The larger of the two temples is the Mallikarjuna Temple dedicated to the Mallikarjuna Shiva Linga in its only sanctum sanctorum. A highlight of this temple are the smooth looking lathe turned pillars inside. They seem to have such a fine finish despite the fact that the stones used don't appear to be the best quality soap stones that we witness at Belur or Belavadi. The main shikhara is of Kadamba Nagara style.

The Rameshwara Temple at Nadakalasi is less extravagant, but equally well decorated, and has, to its credit, a Sala slaying the lion statue next to its Shikhara. The main deity is the Rameshwara Linga, but it has been referred to as Sadashiva in the past.

Nadakalasi's closeness to Sagara hasn't still ensured its visibility on the tourist map, although, equally closer towns of Keladi and Ikkeri enjoy better recall among visitors.

- Varadamoola
Varadamoola is 6 km from Sagara City. River Varada originates at this place. Varada flows through the town of Banavasi before joining Tungabhadra.

- Shettisara
This place has a Shani temple and Laxminarayana Temple.

- Ganapathi temple
This temple is a unique feature of the scenic beauty of Sagara. It is situated beside the Ganapathi lake, where temple and mosque are together side by side.
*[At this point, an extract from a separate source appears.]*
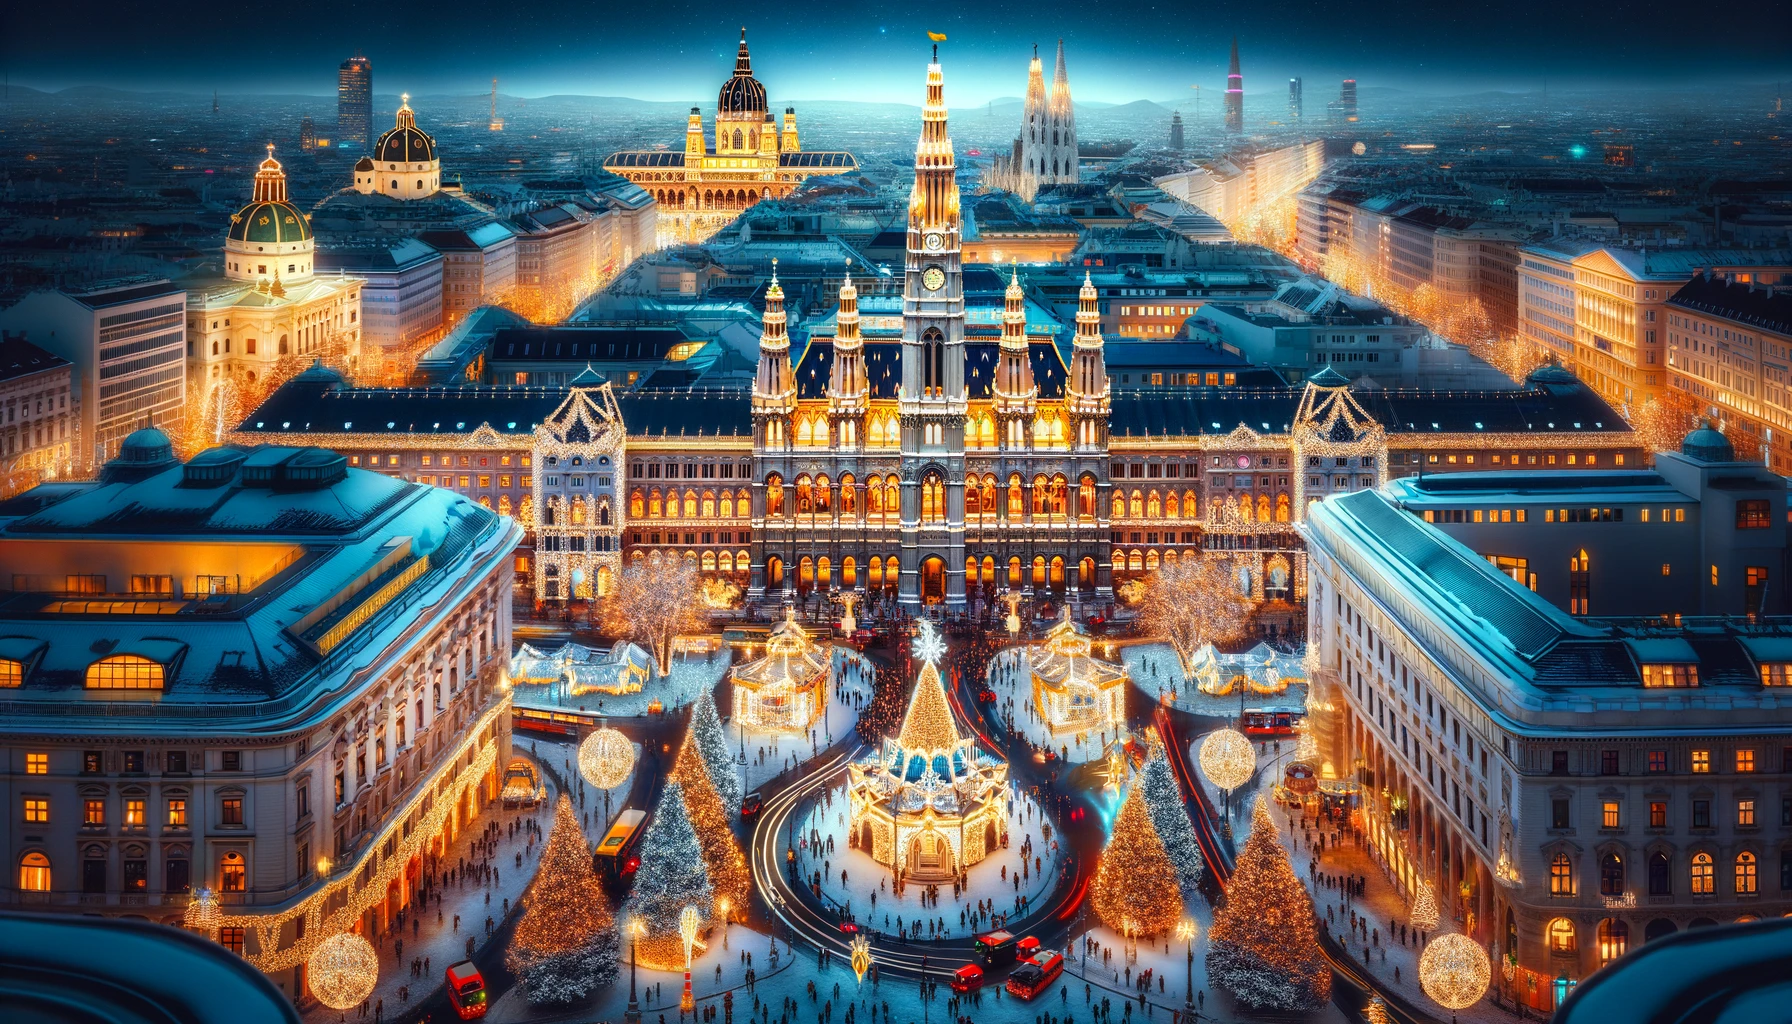 Vienna Landmarks Illuminated for New Year's Eve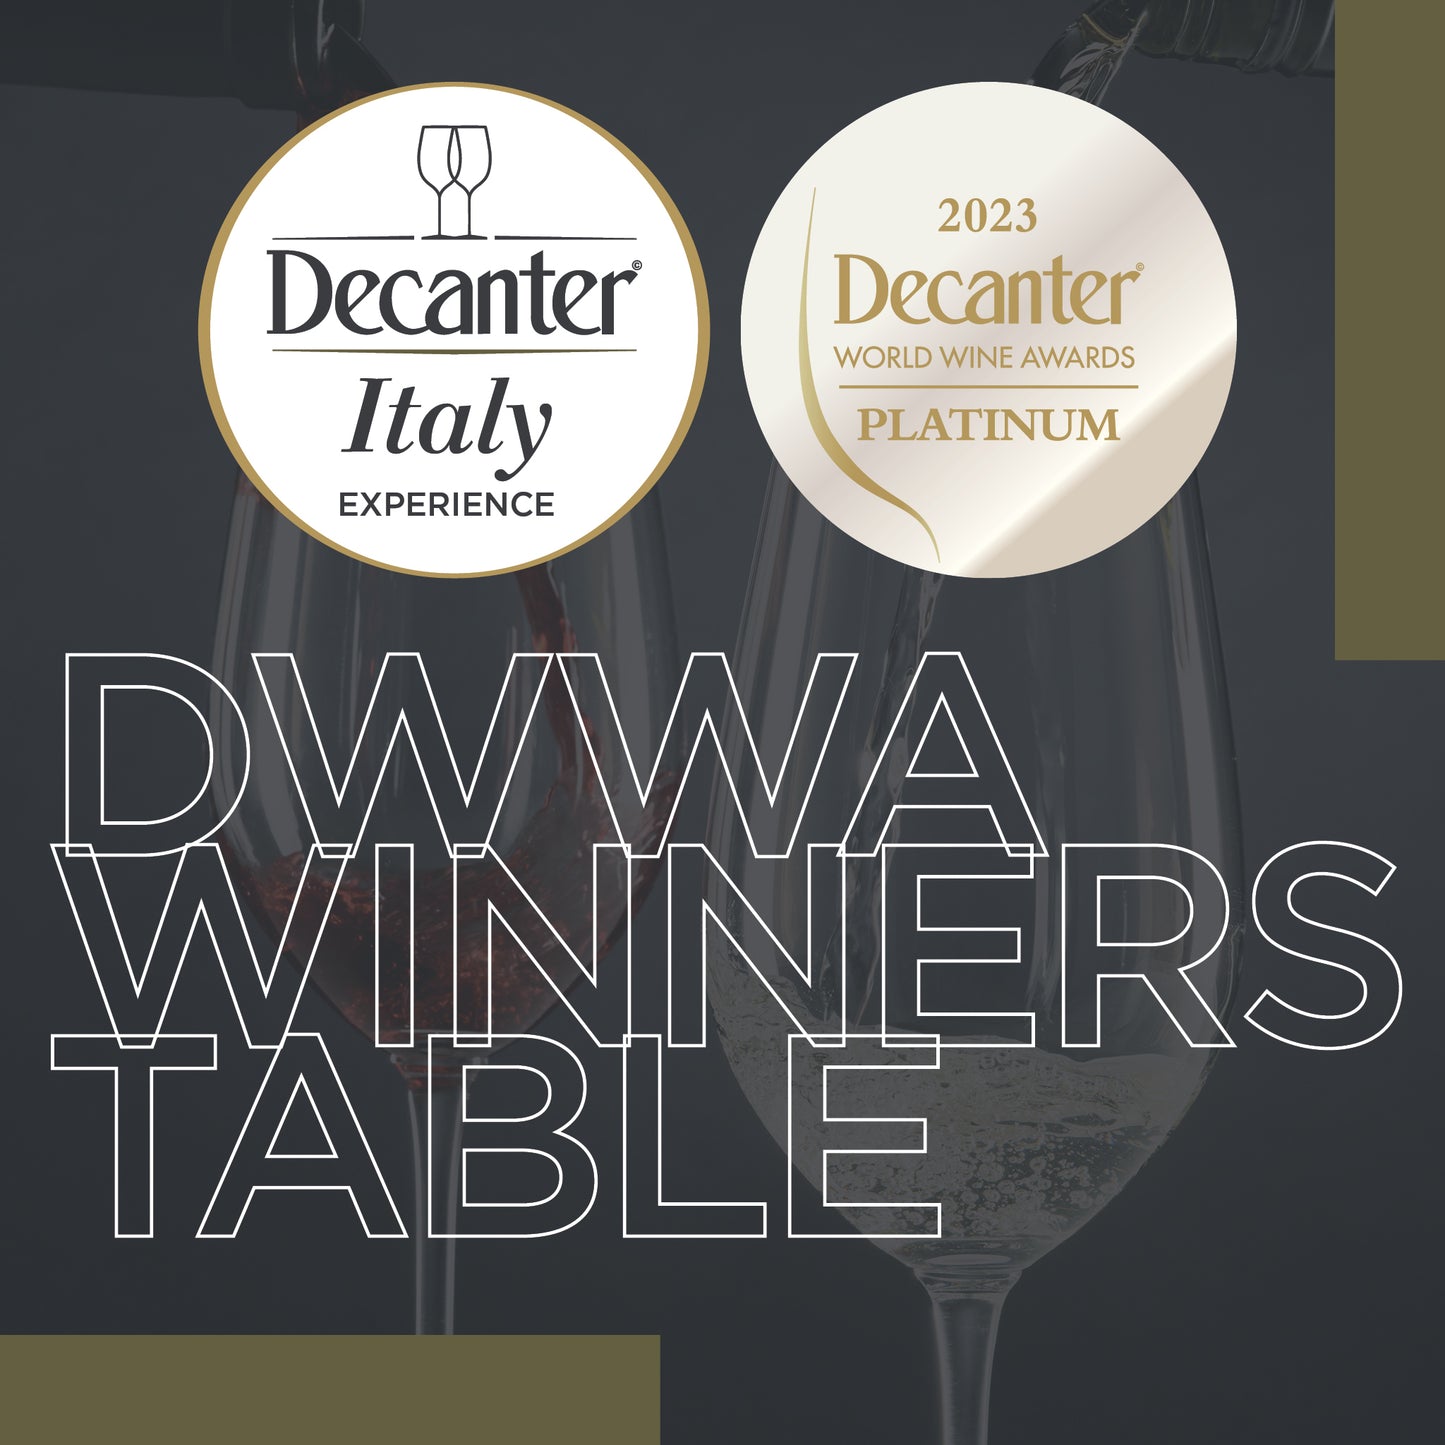 DWWA 2023 PLATINUM registration – Decanter Italy Experience

This symbolises social harmony among people of sagara.

- St Joseph's Church

==Major roads passing through Sagara taluk==

- National Highways:
  - NH-69 (NH-206 as per old national highway numbering system) Bengaluru -Honnavar road.
- State Highways:
  - SH-50 passes through Jog, Mavinagundi, Siddapur, Chandragutti, Sorab.
  - SH-62 passes through Siralakoppa and Sagar.
  - SH-77 passes through Sorab, Masur, Sagar, Hosanagar.

==Rare disorders==
=== Handigodu syndrome ===
Handigodu joint disease (HJD) is a familial skeletal disorder. Handigodu, near Sagara is one of only two places in the world where this disorder is to be found – the other being northern Zululand, South Africa. Severe precocious, progressive degenerative osteoarthropathy causes marked physical handicap by adulthood. The clinical and radiological manifestations are very similar to MJD (Mseleni joint disease) and they are sometimes believed to be the same entity.

=== Kyasanur Forest disease ===
Kyasanur Forest disease, also known as Monkey Disease is a rare endemic tick-borne viral haemorrhagic fever which was first noticed in the Kattinakere village, near Sorab which is in the Kyasanur forest range.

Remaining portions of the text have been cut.